From: Jens Axboe <axboe@kernel.dk>
To: Jeff Moyer <jmoyer@redhat.com>, linux-kernel@vger.kernel.org
Subject: Re: [PATCH 2/2] blk-plug: don't flush nested plug lists
Date: Wed, 08 Apr 2015 11:38:14 -0600	[thread overview]
Message-ID: <55256786.8000608@kernel.dk> (raw)
In-Reply-To: <1428347694-17704-2-git-send-email-jmoyer@redhat.com>

On 04/06/2015 01:14 PM, Jeff Moyer wrote:
> The way the on-stack plugging currently works, each nesting level
> flushes its own list of I/Os.  This can be less than optimal (read
> awful) for certain workloads.  For example, consider an application
> that issues asynchronous O_DIRECT I/Os.  It can send down a bunch of
> I/Os together in a single io_submit call, only to have each of them
> dispatched individually down in the bowells of the dirct I/O code.
> The reason is that there are blk_plug's instantiated both at the upper
> call site in do_io_submit and down in do_direct_IO.  The latter will
> submit as little as 1 I/O at a time (if you have a small enough I/O
> size) instead of performing the batching that the plugging
> infrastructure is supposed to provide.
>
> Now, for the case where there is an elevator involved, this doesn't
> really matter too much.  The elevator will keep the I/O around long
> enough for it to be merged.  However, in cases where there is no
> elevator (like blk-mq), I/Os are simply dispatched immediately.
>
> Try this, for example (note I'm using a virtio-blk device, so it's
> using the blk-mq single queue path, though I've also reproduced this
> with the micron p320h):
>
> fio --rw=read --bs=4k --iodepth=128 --iodepth_batch=16 --iodepth_batch_complete=16 --runtime=10s --direct=1 --filename=/dev/vdd --name=job1 --ioengine=libaio --time_based
>
> If you run that on a current kernel, you will get zero merges.  Zero!
> After this patch, you will get many merges (the actual number depends
> on how fast your storage is, obviously), and much better throughput.
> Here are results from my test rig:
>
> Unpatched kernel:
> Read B/W:    283,638 KB/s
> Read Merges: 0
>
> Patched kernel:
> Read B/W:    873,224 KB/s
> Read Merges: 2,046K
>
> I considered several approaches to solving the problem:
> 1)  get rid of the inner-most plugs
> 2)  handle nesting by using only one on-stack plug
> 2a) #2, except use a per-cpu blk_plug struct, which may clean up the
>      code a bit at the expense of memory footprint
>
> Option 1 will be tricky or impossible to do, since inner most plug
> lists are sometimes the only plug lists, depending on the call path.
> Option 2 is what this patch implements.  Option 2a is perhaps a better
> idea, but since I already implemented option 2, I figured I'd post it
> for comments and opinions before rewriting it.
>
> Much of the patch involves modifying call sites to blk_start_plug,
> since its signature is changed.  The meat of the patch is actually
> pretty simple and constrained to block/blk-core.c and
> include/linux/blkdev.h.  The only tricky bits were places where plugs
> were finished and then restarted to flush out I/O.  There, I went
> ahead and exported blk_flush_plug_list and called that directly.
>
> Comments would be greatly appreciated.

It's hard to argue with the increased merging for your case. The task 
plugs did originally work like you changed them to, not flushing until 
the outermost plug was flushed. Unfortunately I don't quite remember why 
I changed them, will have to do a bit of digging to refresh my memory.

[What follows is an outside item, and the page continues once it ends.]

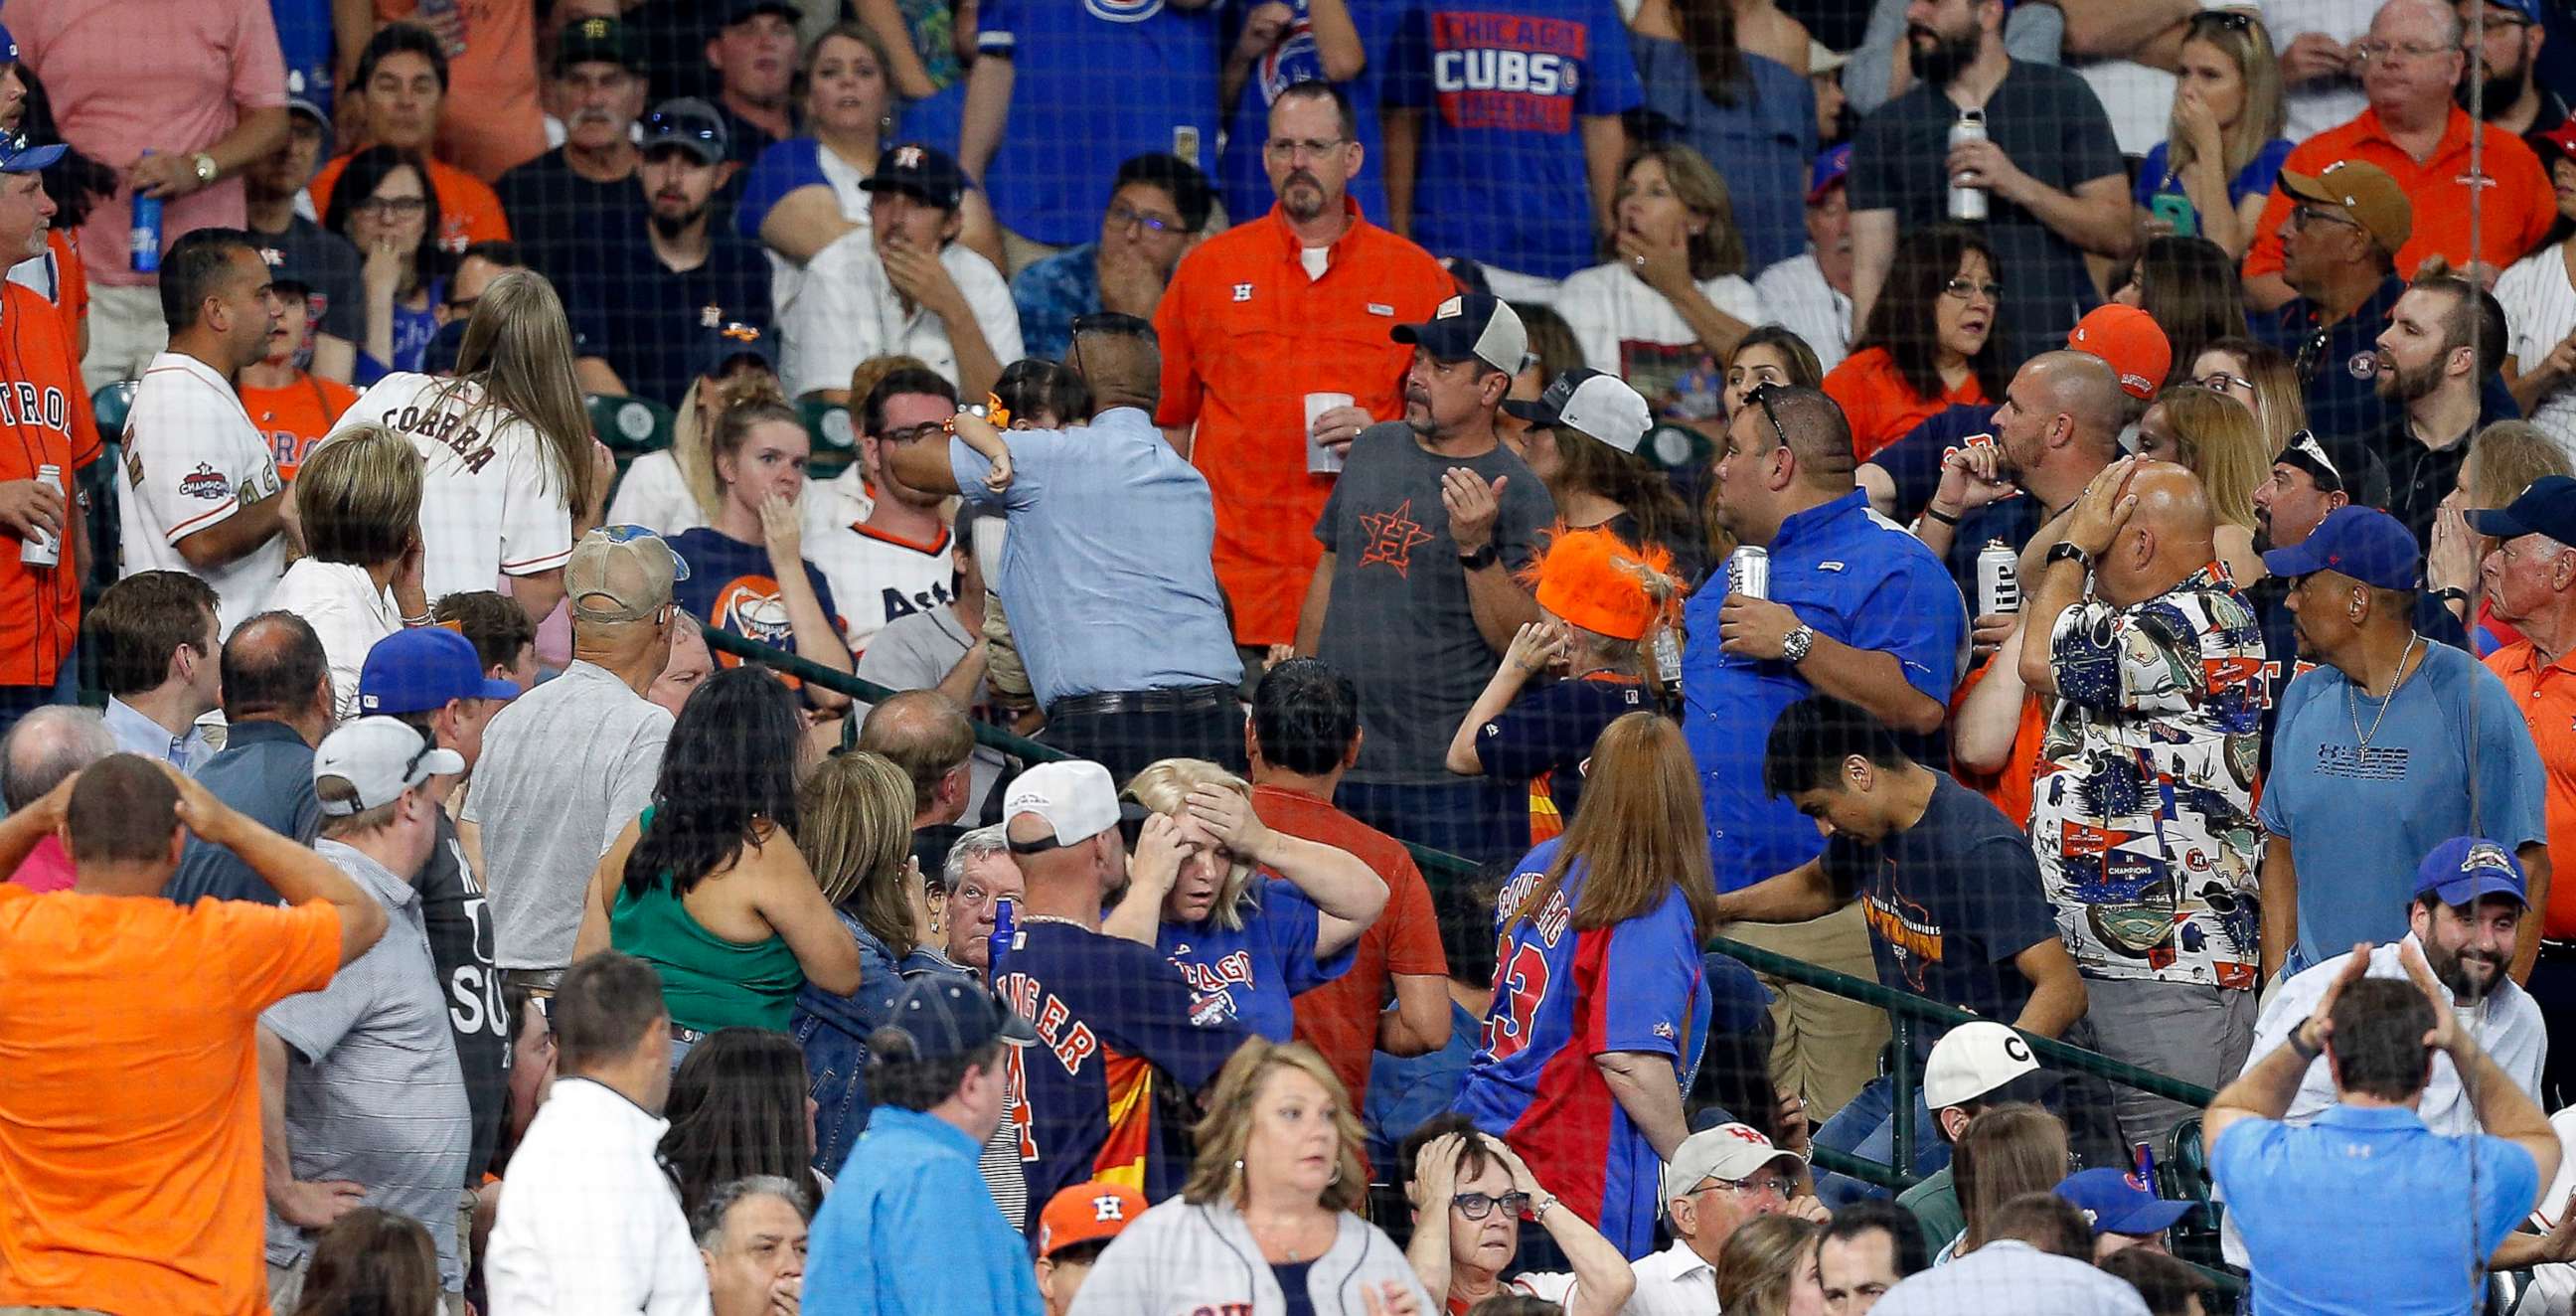 PHOTO: A young child is rushed from the stands after being injured by a hard foul ball off the bat of Albert Almora Jr. of the Chicago Cubs in the fourth inning at Minute Maid Park in Houston, May 29, 2019.

For cases where we don't do any merging (like nvme), we always want to 
flush. Well almost, if we start do utilize the batched submission, then 
the plug would still potentially help (just for other reasons than merging).

And agree with Ming, this can be cleaned up substantially. I'd also like 
to see some test results from the other end of the spectrum. Your posted 
cased is clearly based case (we missed tons of merging, now we don't), 
I'd like to see a normal case and a worst case result as well so we have 
an idea of what this would do to latencies.

-- 
Jens Axboe

next prev parent reply	other threads:[~2015-04-08 17:38 UTC|newest]

Thread overview: 9+ messages / expand[flat|nested]  mbox.gz  Atom feed  top
2015-04-06 19:14 [PATCH 1/2] [v2] blk-mq: fix plugging in blk_sq_make_request Jeff Moyer
2015-04-06 19:14 ` [PATCH 2/2] blk-plug: don't flush nested plug lists Jeff Moyer
2015-04-07  9:19   ` Ming Lei
2015-04-07 14:47     ` Jeff Moyer
2015-04-08 17:38   ` Jens Axboe [this message]
2015-04-07 16:09     ` Shaohua Li
2015-04-08 17:56     ` Jeff Moyer
2015-04-16 15:47     ` Jeff Moyer
     [not found]   ` <x49wq1nrcoe.fsf_-_@segfault.boston.devel.redhat.com>
     [not found]     ` <20150408230203.GG15810@dastard>
2015-04-09  0:54       ` [PATCH 2/2][v2] " Dave Chinner

Reply instructions:

You may reply publicly to this message via plain-text email
using any one of the following methods:

* Save the following mbox file, import it into your mail client,
  and reply-to-all from there: mbox

  Avoid top-posting and favor interleaved quoting:
  https://en.wikipedia.org/wiki/Posting_style#Interleaved_style

* Reply using the --to, --cc, and --in-reply-to
  switches of git-send-email(1):

  git send-email \
    --in-reply-to=55256786.8000608@kernel.dk \
    --to=axboe@kernel.dk \
    --cc=jmoyer@redhat.com \
    --cc=linux-kernel@vger.kernel.org \
    /path/to/YOUR_REPLY

  https://kernel.org/pub/software/scm/git/docs/git-send-email.html

* If your mail client supports setting the In-Reply-To header
  via mailto: links, try the mailto: link

Be sure your reply has a Subject: header at the top and a blank line before the message body.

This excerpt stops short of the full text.